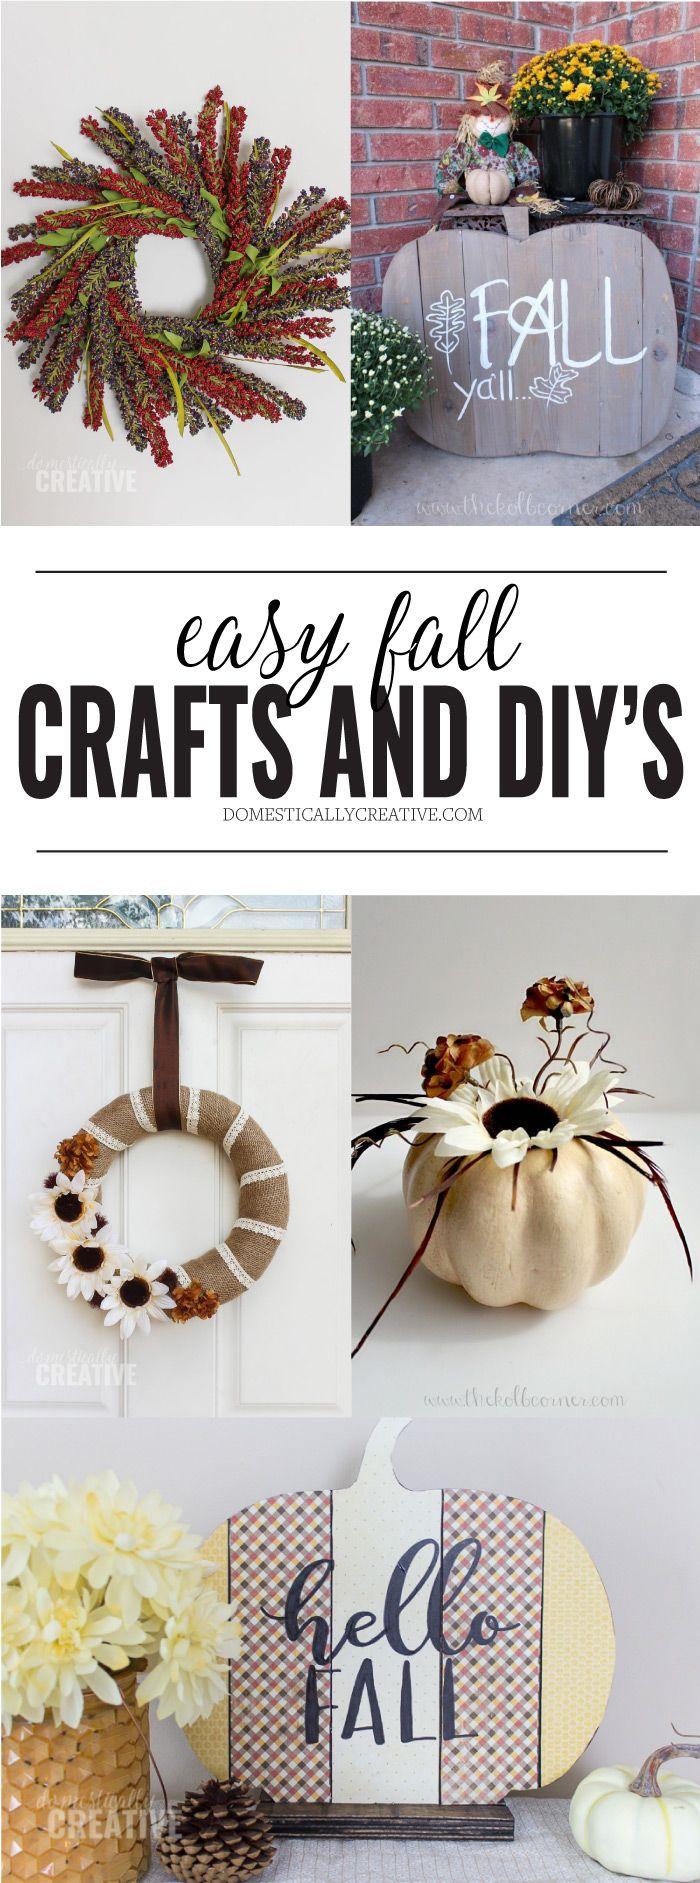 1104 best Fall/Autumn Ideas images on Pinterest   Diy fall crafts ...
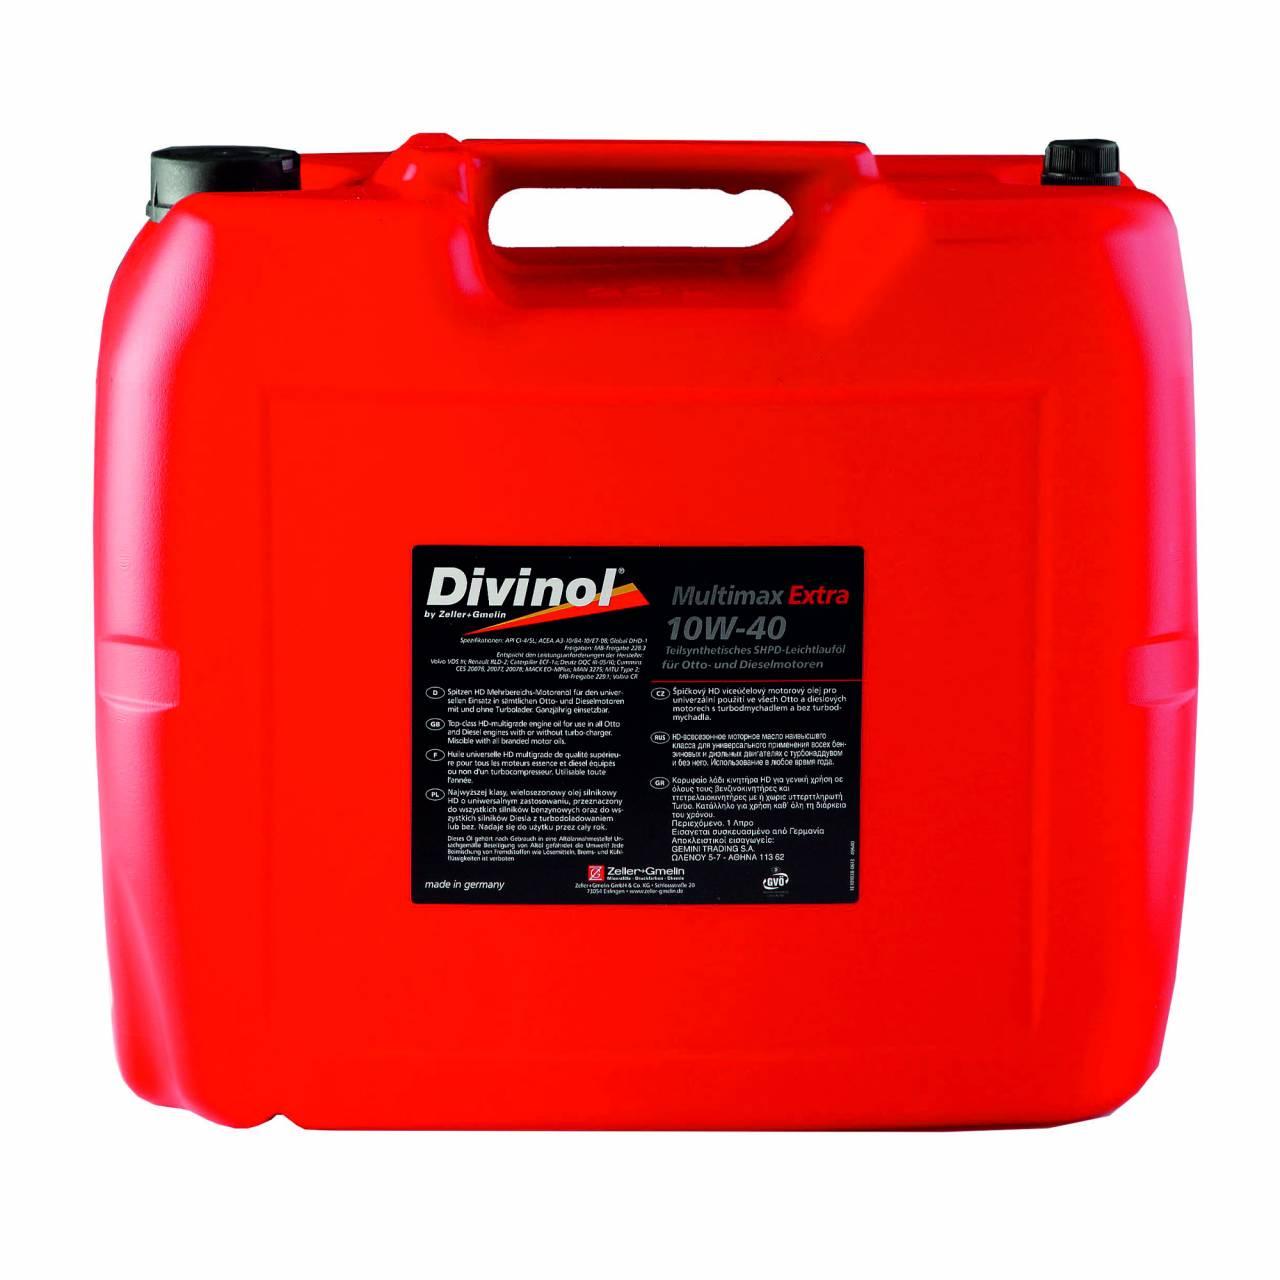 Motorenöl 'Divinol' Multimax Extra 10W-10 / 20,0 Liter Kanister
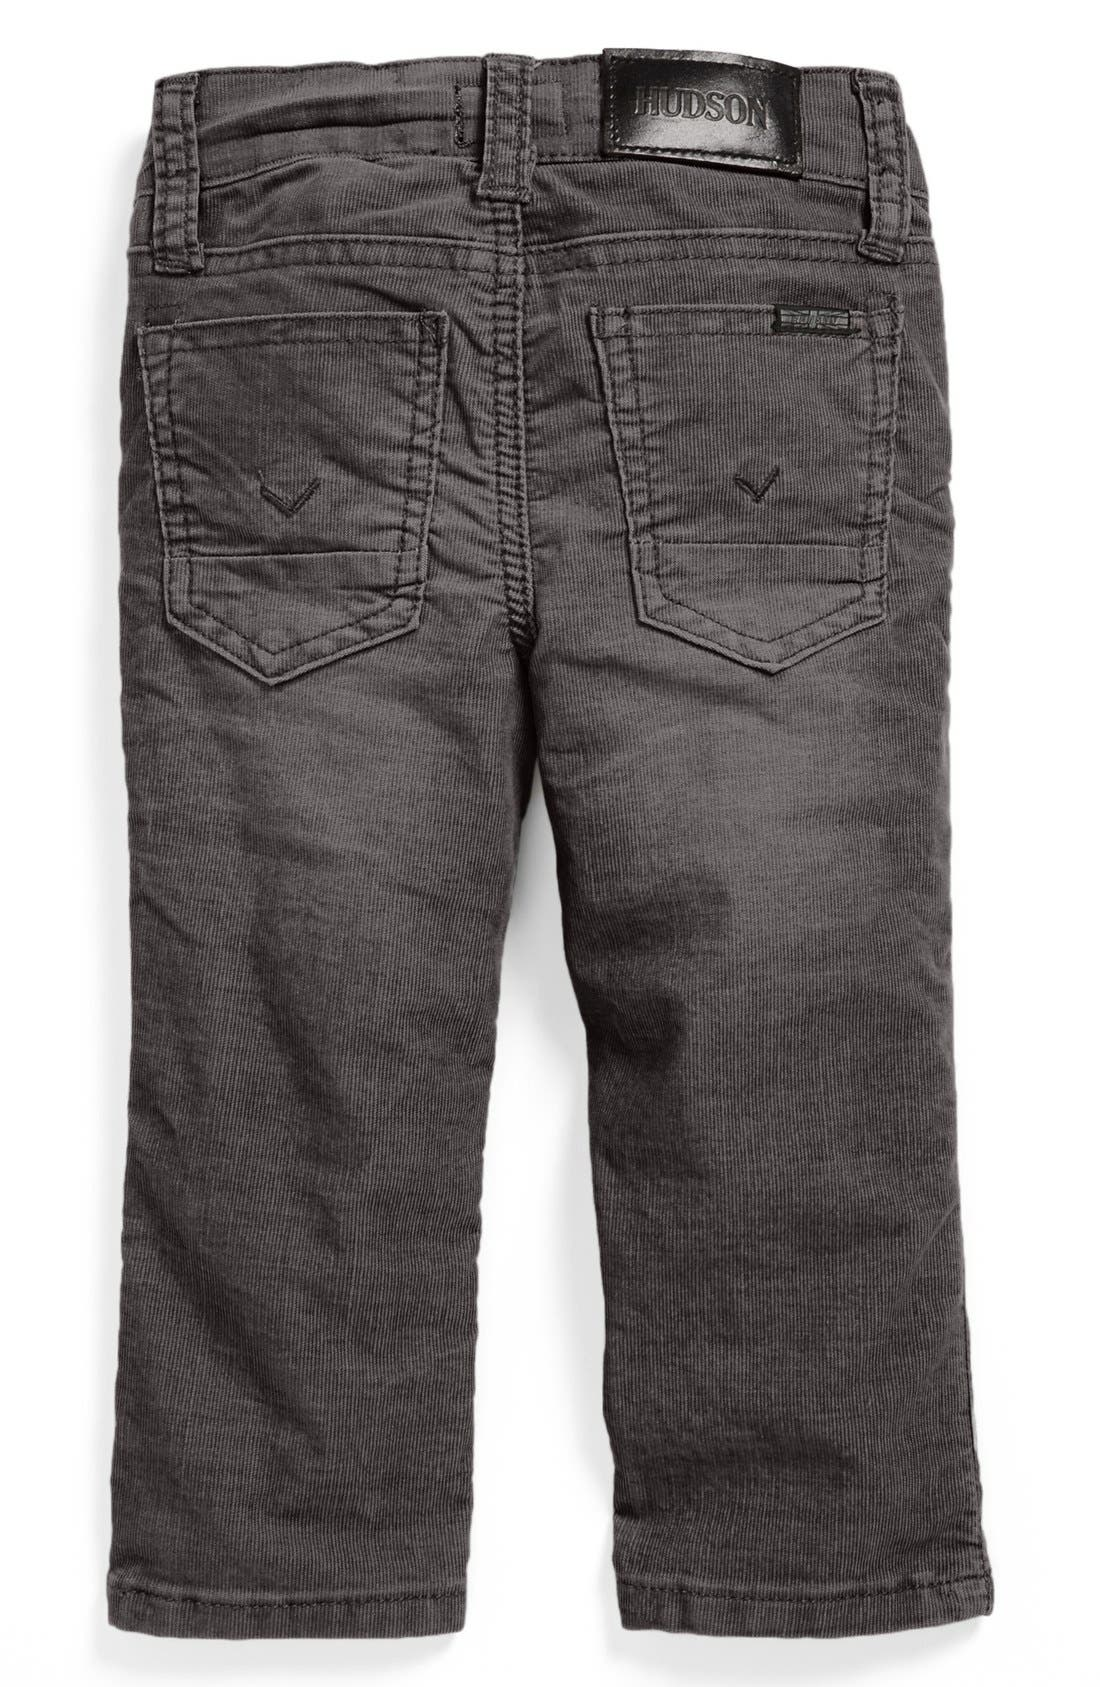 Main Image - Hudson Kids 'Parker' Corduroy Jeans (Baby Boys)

* * *

* Problem requirements
Reproduce all of the material above word for word. Omit the pictures.

* Output below
 1104 best Fall/Autumn Ideas images on Pinterest   Diy fall crafts ...
 Motorenöl 'Divinol' Multimax Extra 10W-10 / 20,0 Liter Kanister
 Main Image - Hudson Kids 'Parker' Corduroy Jeans (Baby Boys)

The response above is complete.